The board is chipped and dented and scuffed. On its underside is a hand-painted fire ant struggling beneath the weight of a pink rose petal twenty times its size, plus Bible verse Matthew 17:20 written in Portuguese.

In English, it reads: If you have faith as small as a mustard seed, you can say to this mountain, 'Move from here to there,' and it will move. Nothing will be impossible for you.

But no amount of faith was moving a Denver police officer last month. On July 5, the board's owner, 23-year-old Mark Spencer, got busted for skating in Cheesman Park, where it's illegal to ride a board. The cop wrote Spencer a ticket for destruction of public property and -- even worse -- confiscated his board.

"I tried to tell him the importance of this board to all these people in Brazil. I don't know if he believed me or not, but he just didn't seem that impressed," says Spencer. "He told me it was evidence and he was seizing it."

Spencer had been inspired to customize the board in June when he was on a missionary trip to Belo Horizonte, Brazil, with Denver-based Advocate Skateboards, a fellowship of Christian skateboarders. "I was checking out the ground one day, and I saw this crazy Brazilian ant carrying this flower petal, and I was just like, 'Man, that's awesome. I gotta put that on my board,'" he says.

While Spencer and his team were in Belo Horizonte proselytizing, performing skateboarding demonstrations and building a skatepark for the city's poor children, they were invited to appear on an evangelical television show on a cable channel owned by Lagoinha Baptist Church. The massive stadium-style church has 30,000 worshipers in a city of 2.5 million residents, and more than six million viewers across South America. So when the TV evangelist who hosted the show held Spencer's board aloft and showed the Bible verse the American skateboarding missionary had scripted in Brazil's native tongue, the board became an icon.

Now it's Exhibit A.

Spencer plans to fight the ticket at his court date next month since, he says, "I didn't destroy anything.

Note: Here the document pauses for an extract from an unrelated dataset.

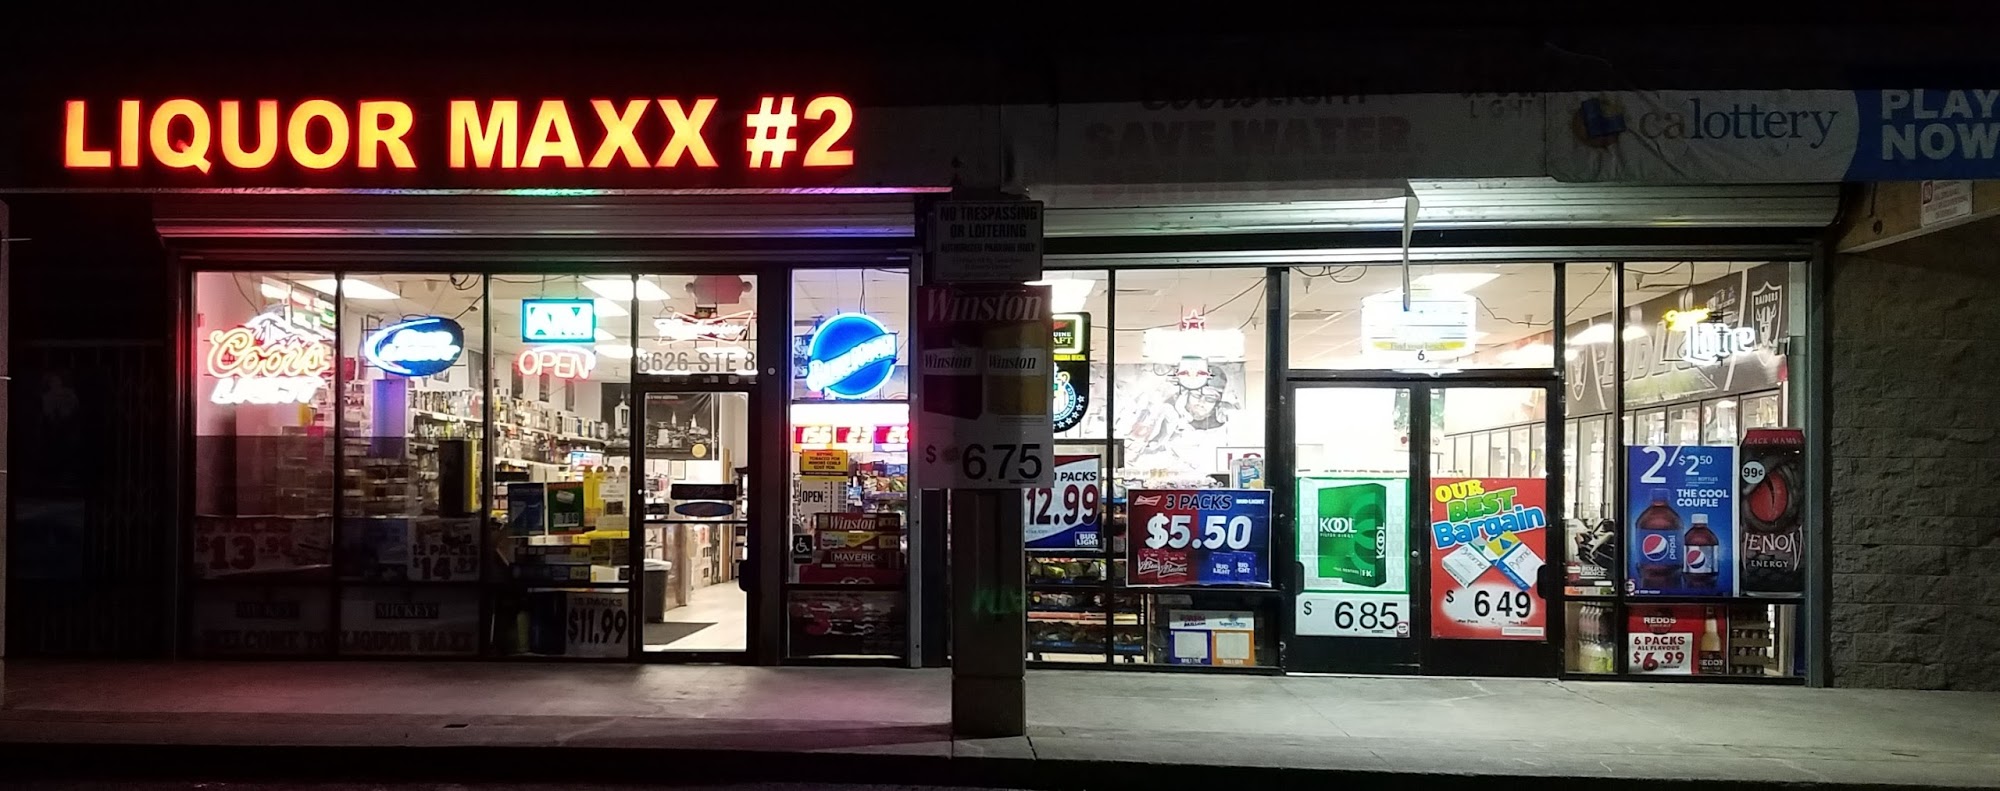 Liquor Maxx #2 - Lycamobile Store

I was just skating." Until then, he will be landing flip kicks on a less revered board while spreading the gospel to any young person who cares to listen. "Basically, we believe that everyone should have the chance to make an informed choice whether to believe in Christ or not," Spencer says. "We just try to make sure every kid has that chance."

The seed for Advocate was sown in 2000, when Longmont skateboarder Eddie Gann founded a skating team and Bible study group he called Caleb Skateboards. It was for clean-living Christian skateboarders in their late teens and early twenties. "The idea was to organize as positive Christian role models for younger skaters and to reach out to them with the good news," says Uriel Luebcke, 26, who skated for Caleb and is now the senior member of the nine-person Advocate team.

In the summer of 2002, Gann grew tired of running Caleb, and Mark Spencer took over leadership of the team. At the time, Gann and Luebcke were counseling Spencer, a troubled, semi-homeless young skater, and helping him to serve the Lord through missionary skateboarding. Spencer quickly changed the group's name to Advocate Skateboarding and introduced a business element by launching a line of skateboards and clothing. He also began recruiting skilled Christian skateboarders from out of state, most notably Josh Crigger from Las Vegas and Monico Candelaria from New Mexico, who, at seventeen, is the youngest team member.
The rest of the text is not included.